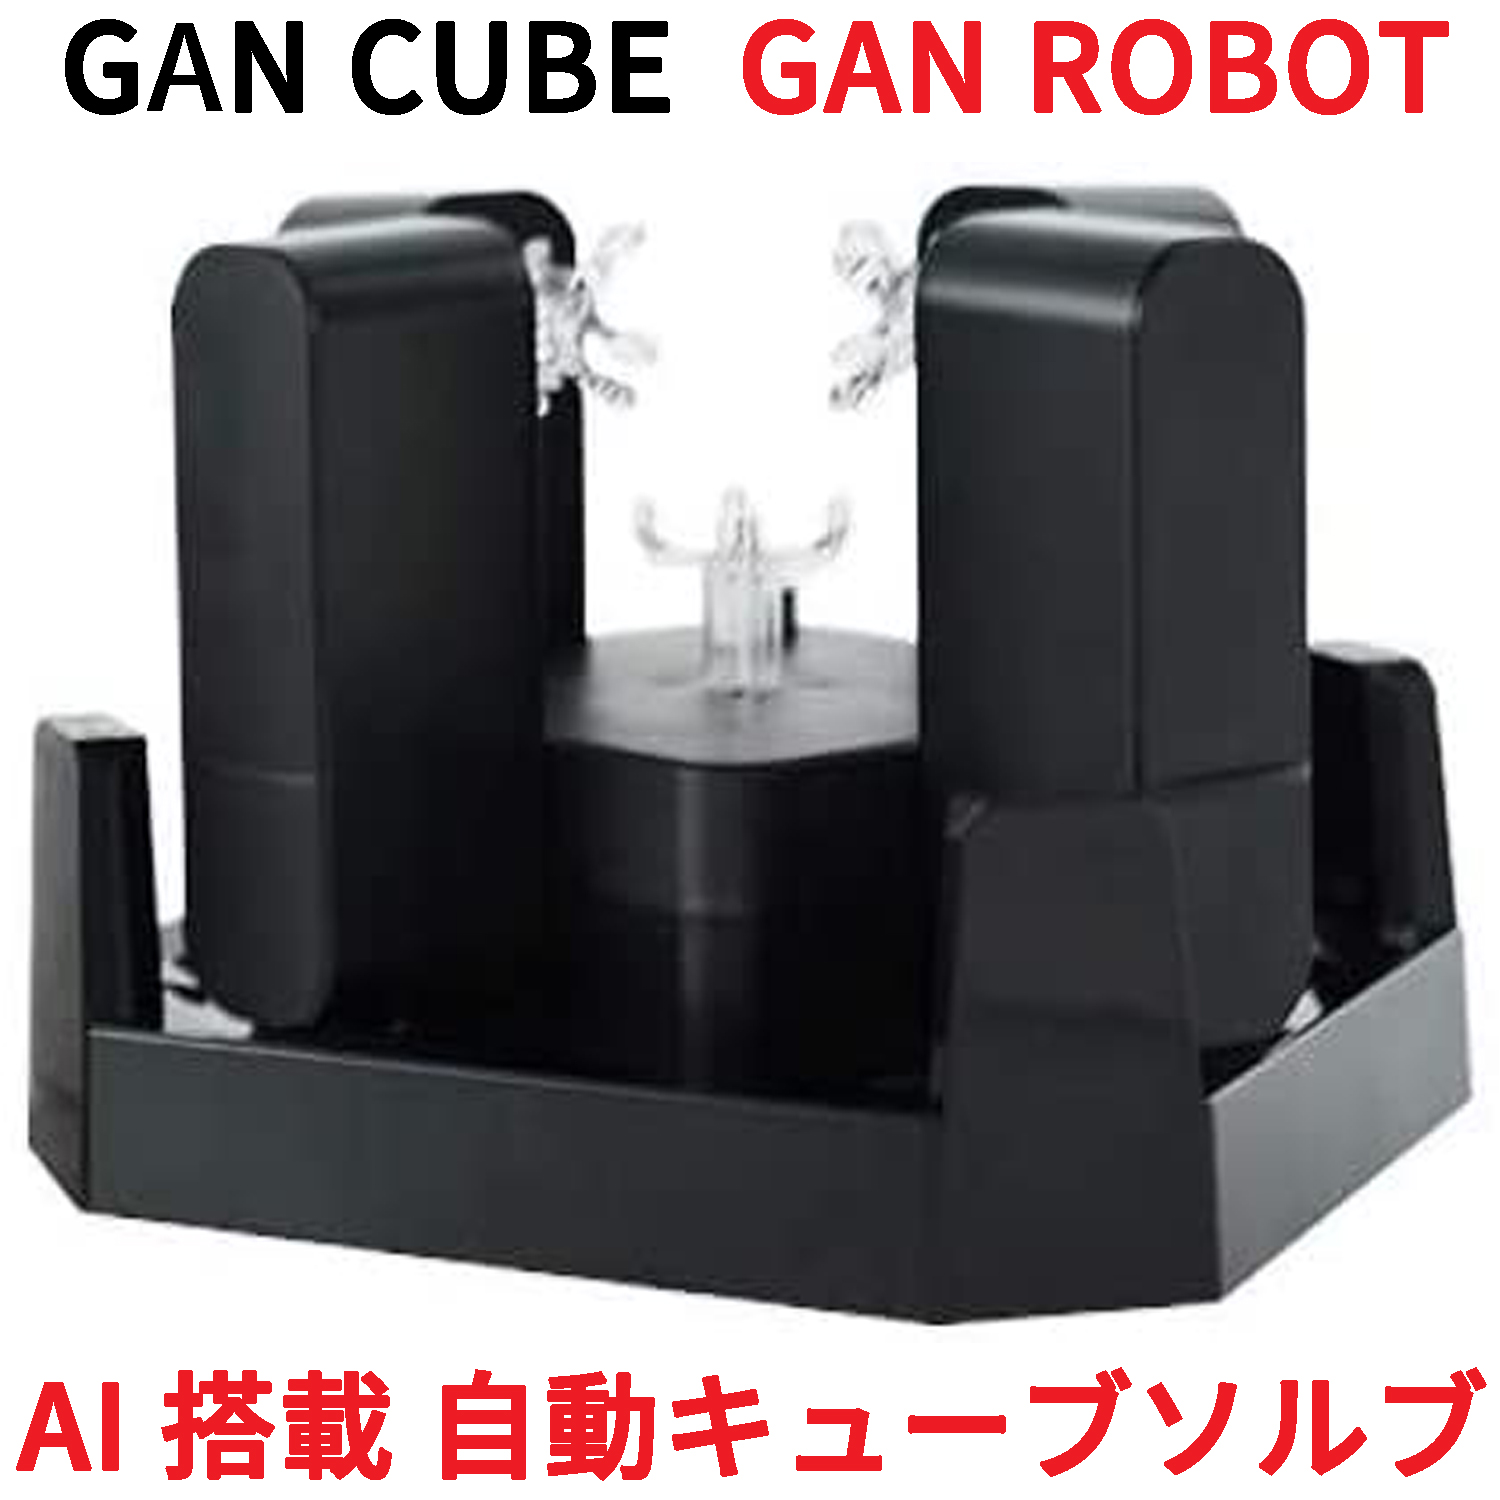 AI搭載 自動 スクランブル ソルブ ロボット GAN356 i 対応 Gancube GAN ROBOT 356 i対応 競技用 ルービックキューブ 【限定製作】 3x3 マグネット 磁石 スピードキューブ 情熱セール マジックキューブ ガンキューブ 3x3x3 内蔵 キューブ GAN356i 圧縮 白 立体パズル GANROBOT 公式 スマートキューブ
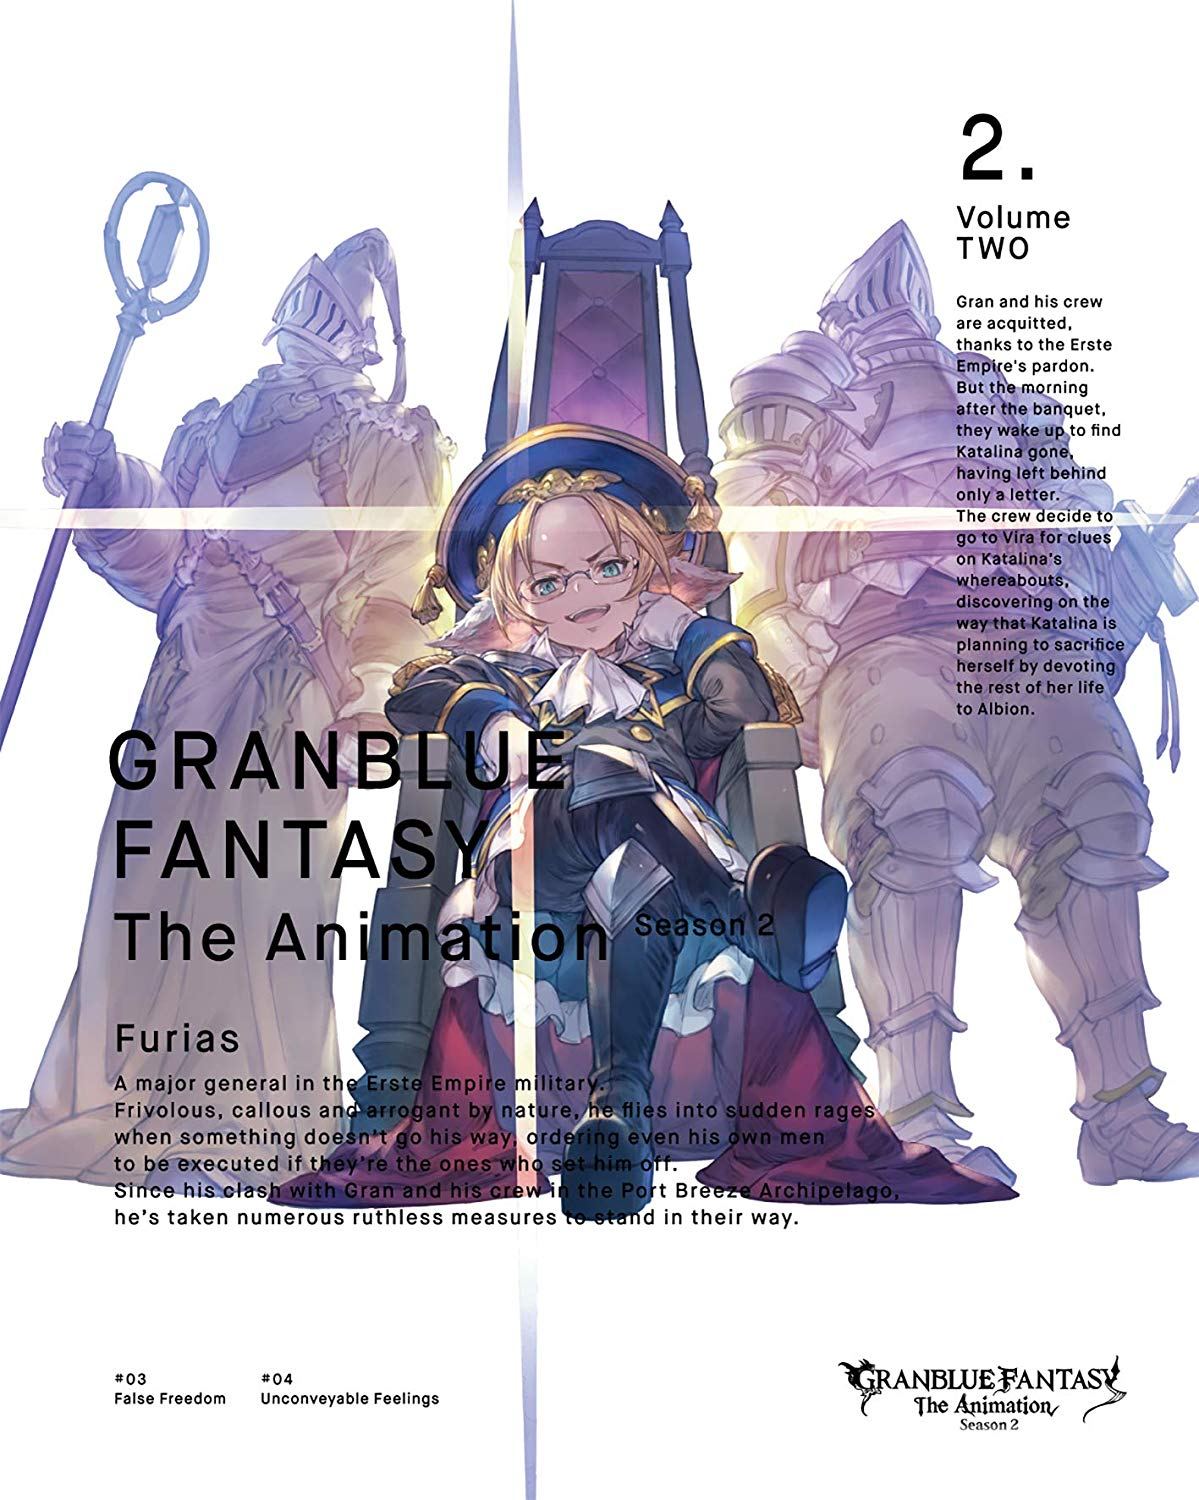 Granblue Fantasy The Animation Season 2 Vol.2 [Limited Edition 
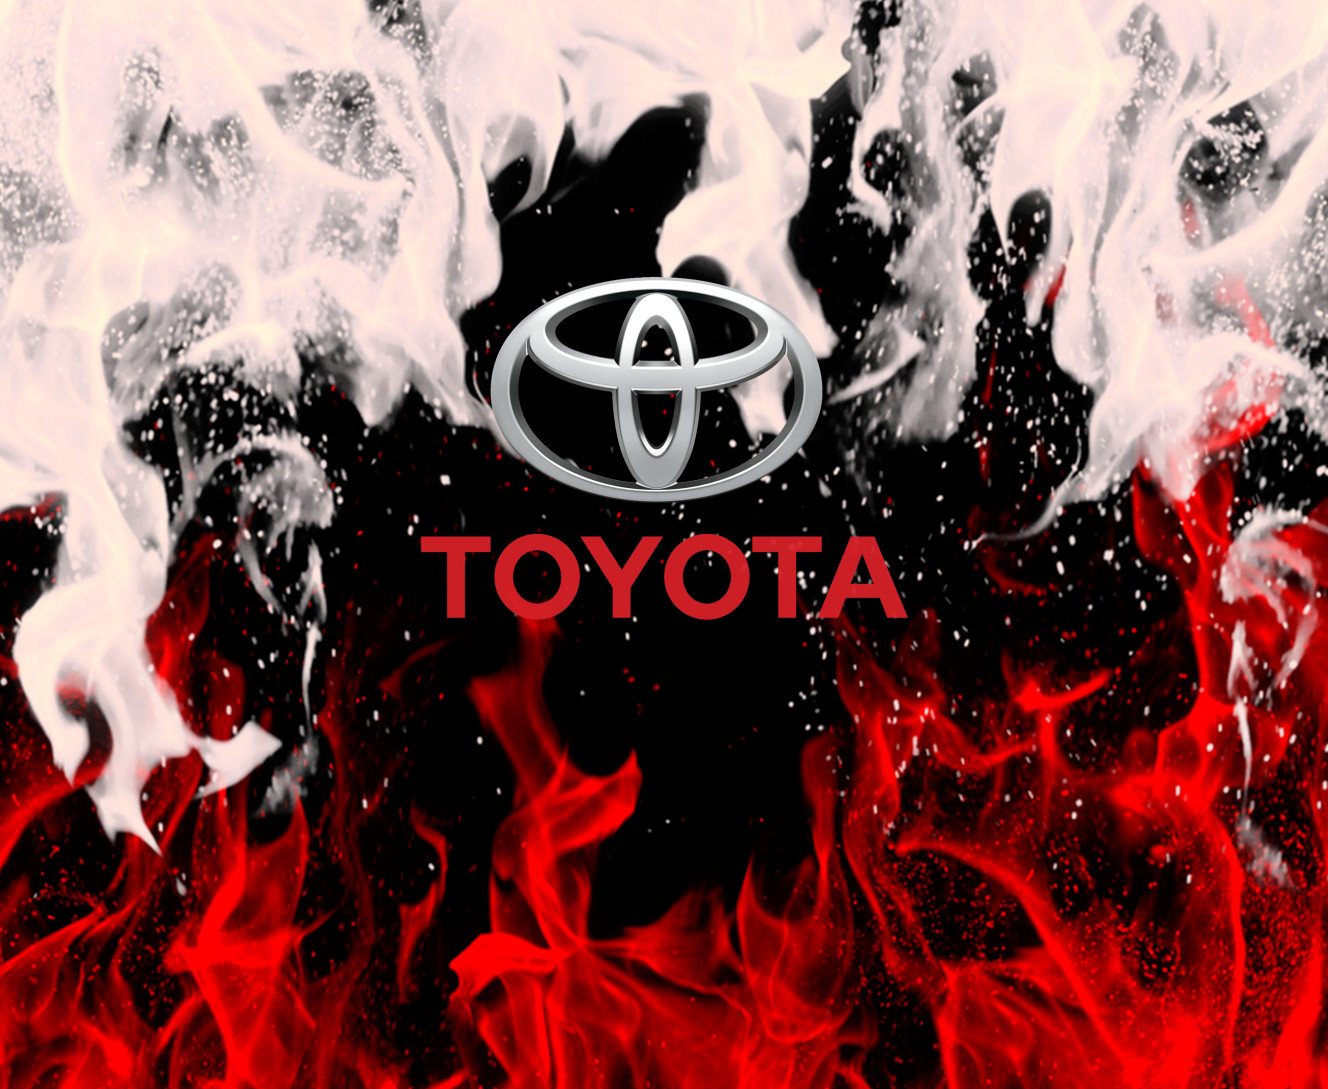 Toyota - Килимок для Миші - Toyota [4] - Mfest
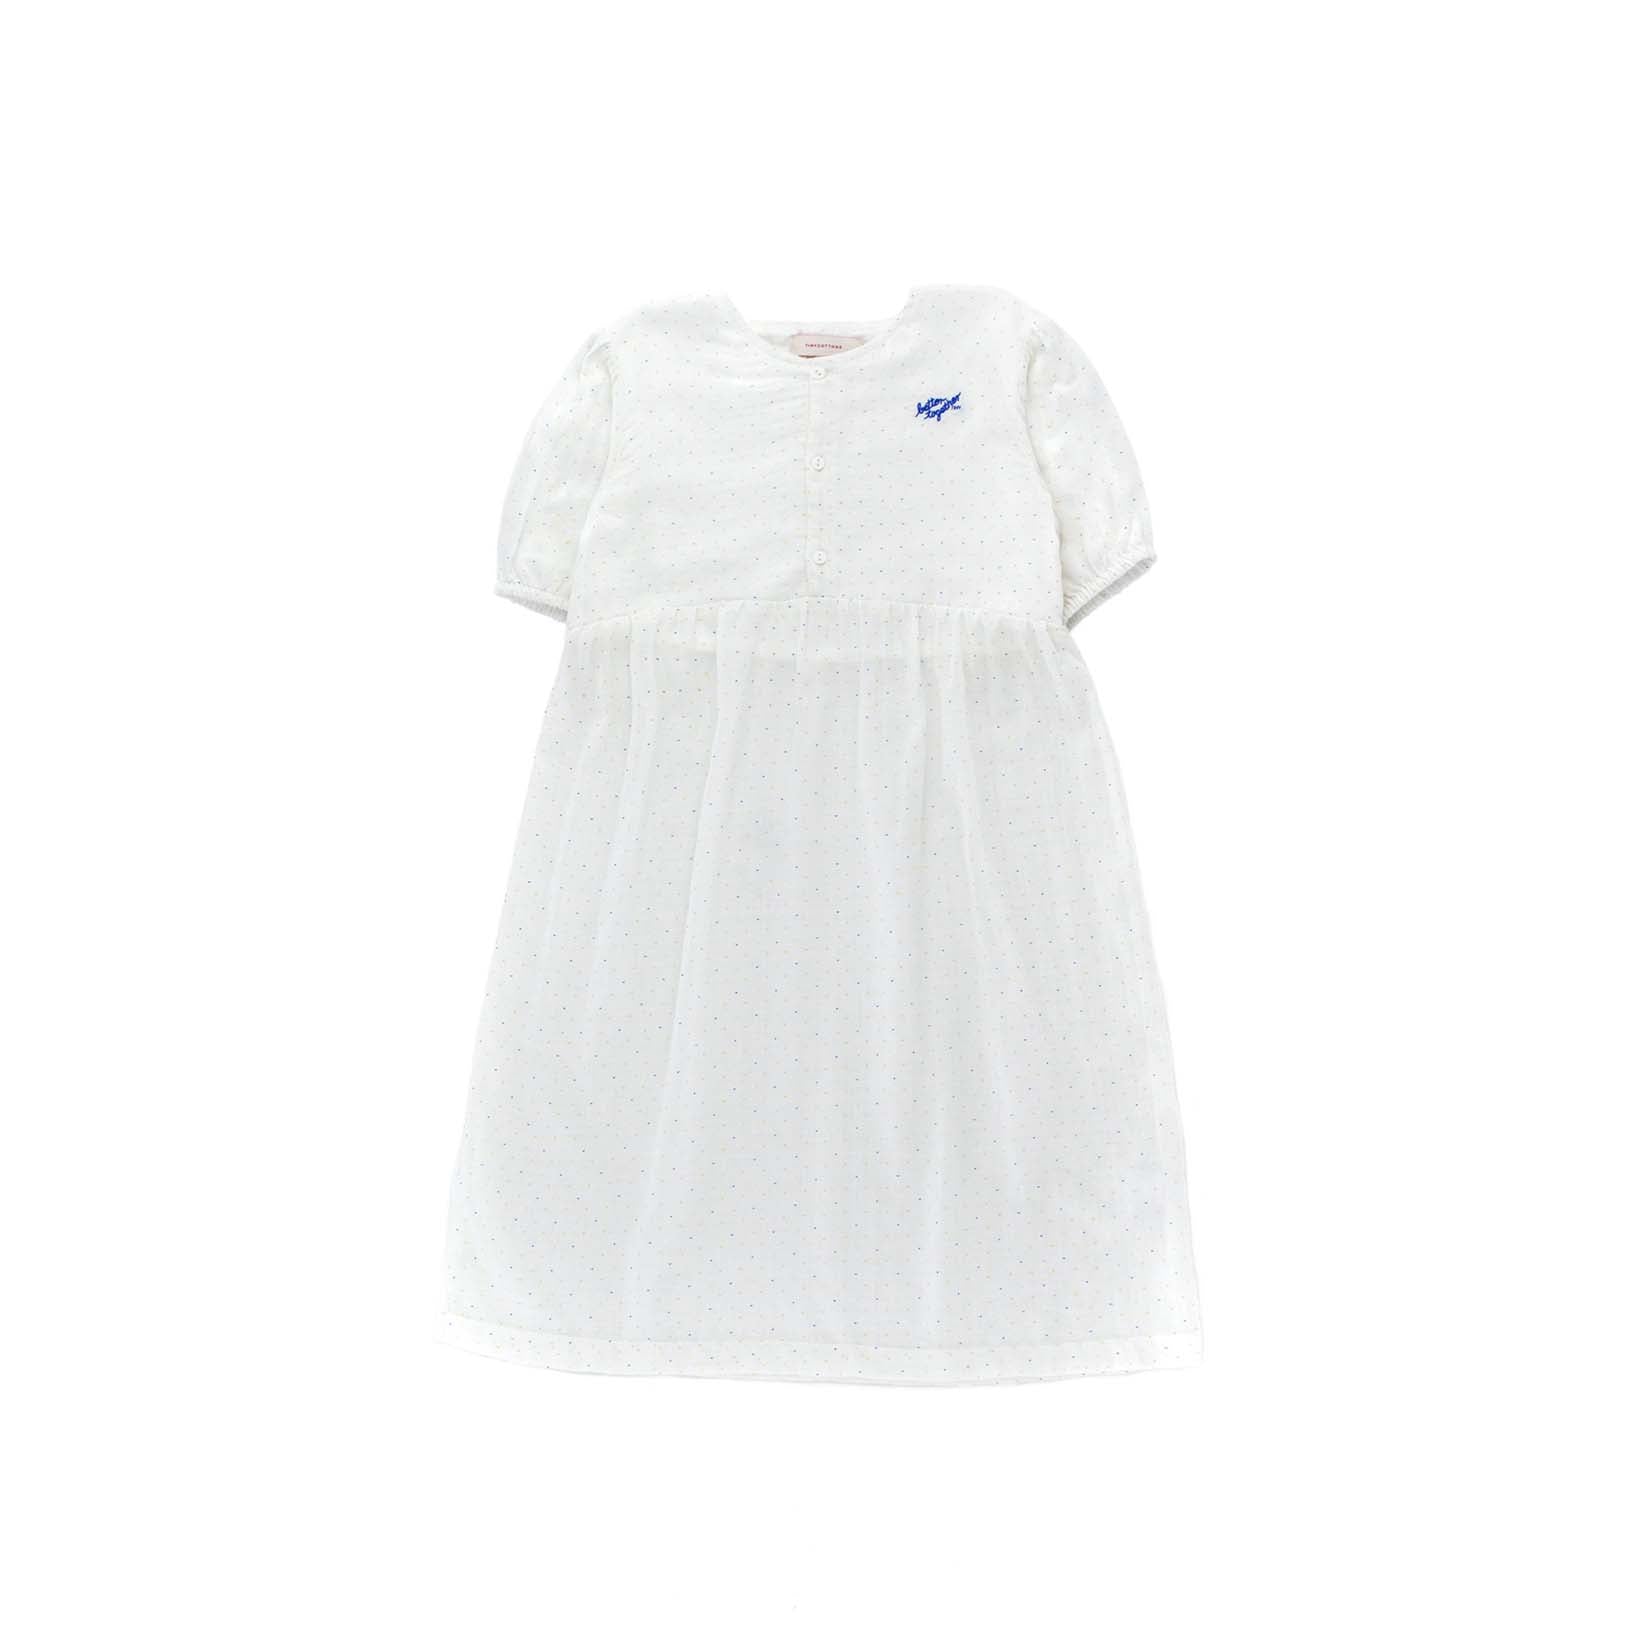 Girls White Dots Cotton Dress

§ WHAT YOU SHOULD DO: Restate every line above exactly, omitting images.

§ RESPONSE BOX:
 AI搭載 自動 スクランブル ソルブ ロボット GAN356 i 対応 Gancube GAN ROBOT 356 i対応 競技用 ルービックキューブ 【限定製作】 3x3 マグネット 磁石 スピードキューブ 情熱セール マジックキューブ ガンキューブ 3x3x3 内蔵 キューブ GAN356i 圧縮 白 立体パズル GANROBOT 公式 スマートキューブ
 Granblue Fantasy The Animation Season 2 Vol.2 [Limited Edition 
 Toyota - Килимок для Миші - Toyota [4] - Mfest
 Girls White Dots Cotton Dress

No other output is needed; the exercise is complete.